## What you should do
Copy task, pictures excluded: set down exactly the lines from the one containing "Manus Kwarten in" to the end of the data below.

## Data block

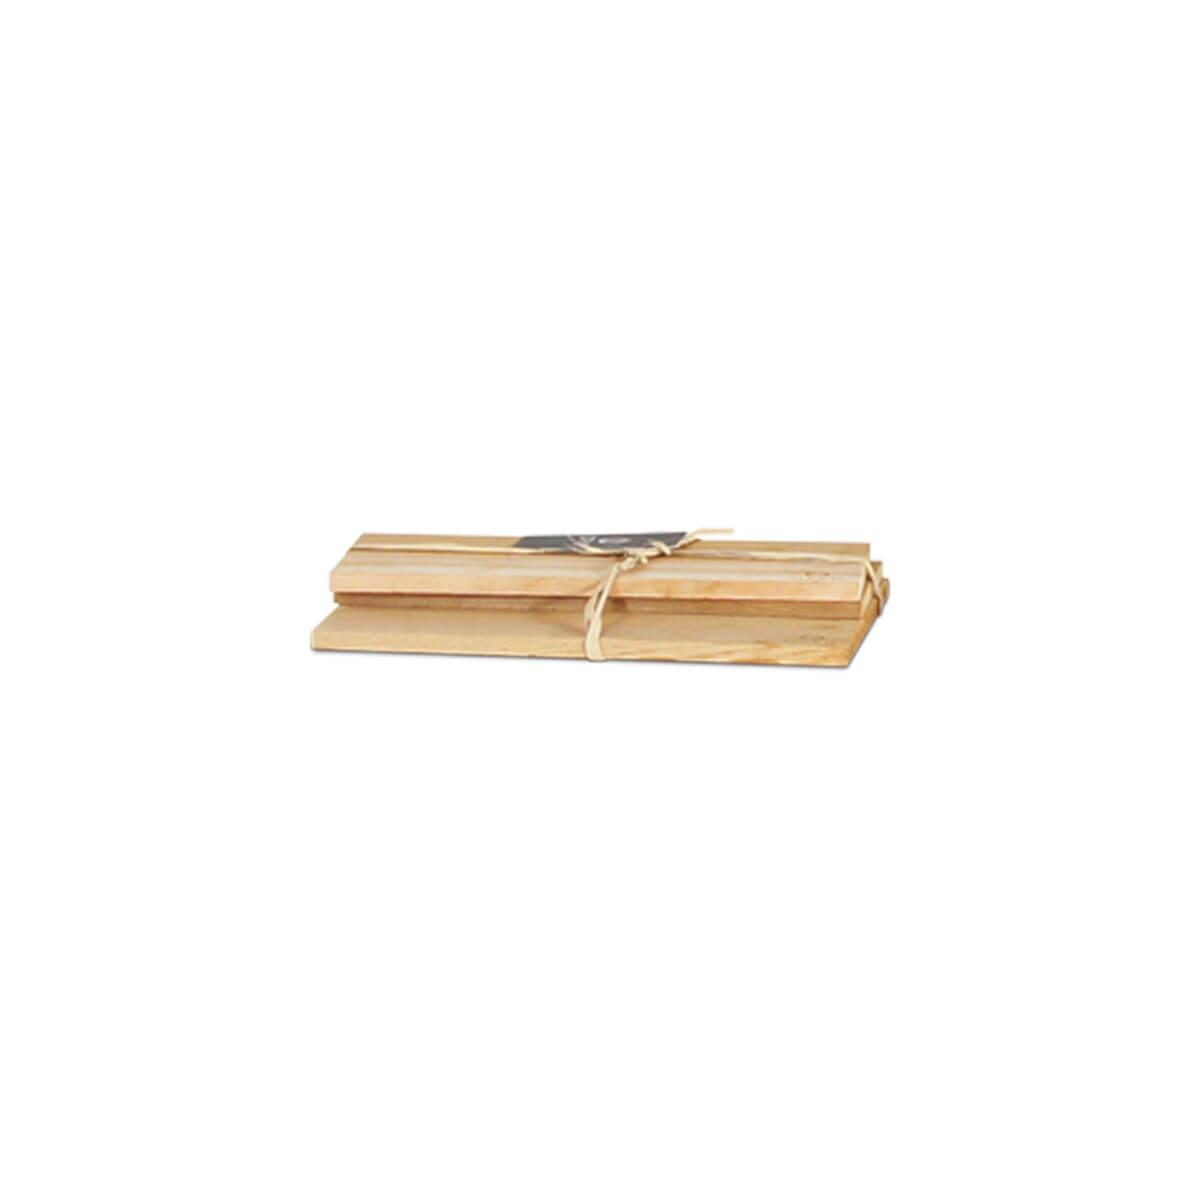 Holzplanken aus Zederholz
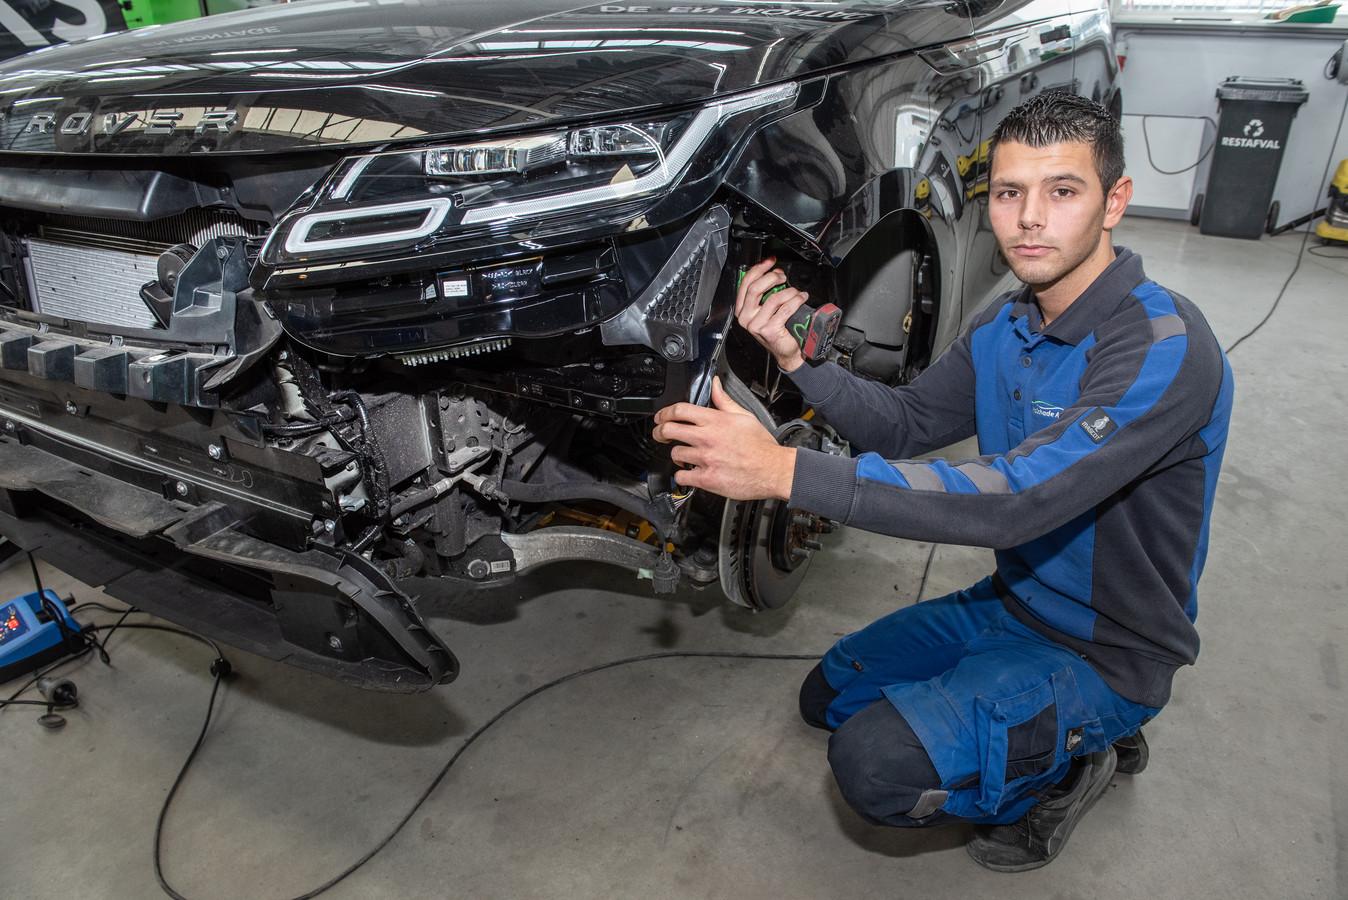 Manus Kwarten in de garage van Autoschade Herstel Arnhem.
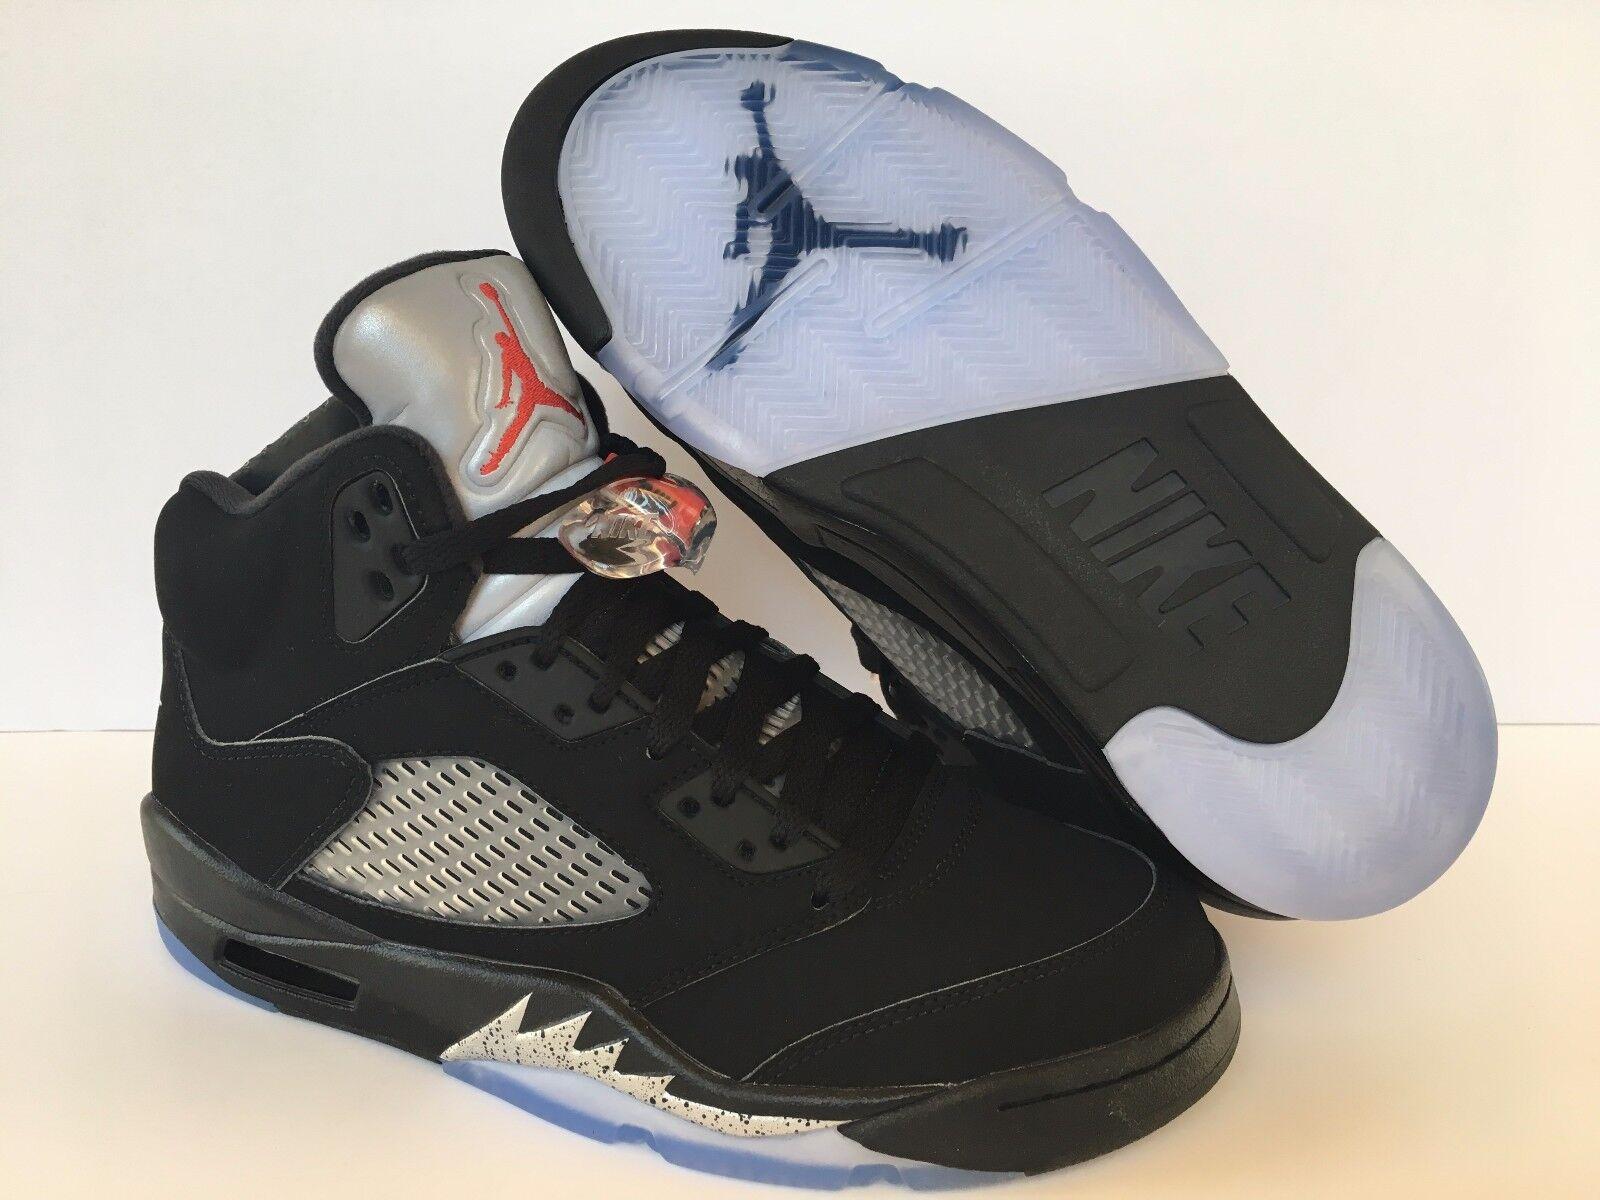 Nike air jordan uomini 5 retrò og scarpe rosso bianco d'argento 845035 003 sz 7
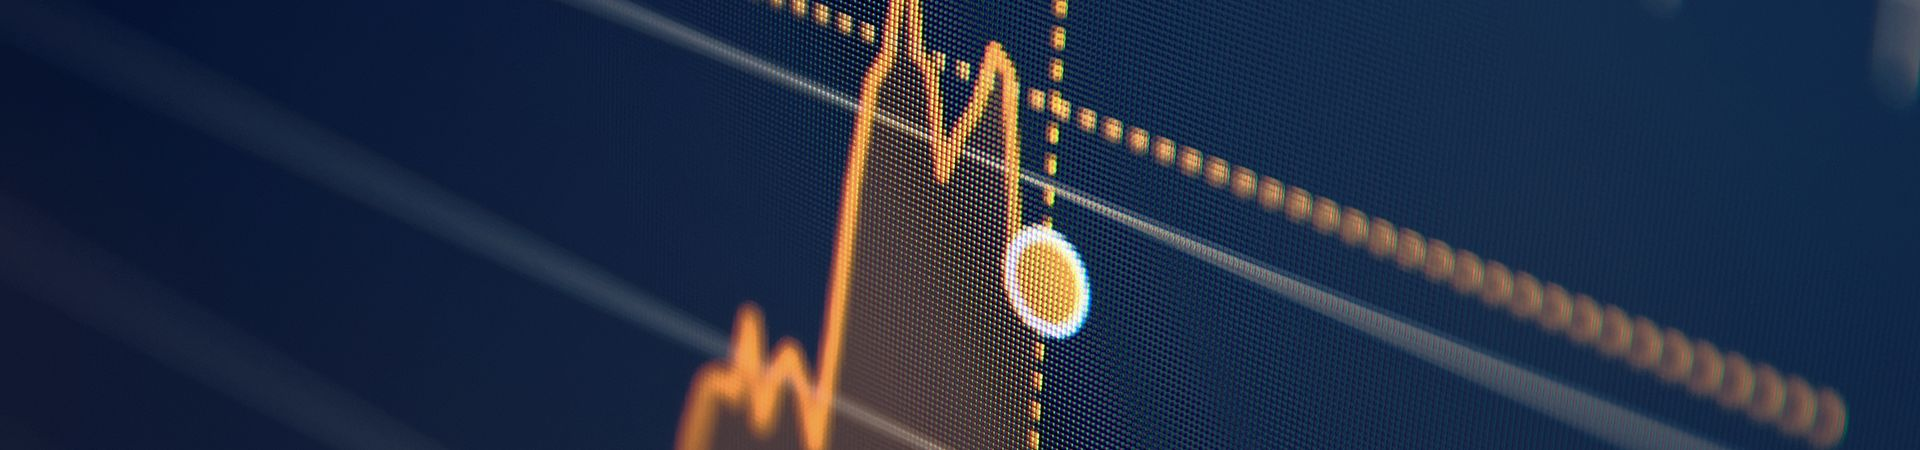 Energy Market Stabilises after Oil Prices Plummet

## Result for this exercise
 Manus Kwarten in de garage van Autoschade Herstel Arnhem.
 Nike air jordan uomini 5 retrò og scarpe rosso bianco d'argento 845035 003 sz 7
 Energy Market Stabilises after Oil Prices Plummet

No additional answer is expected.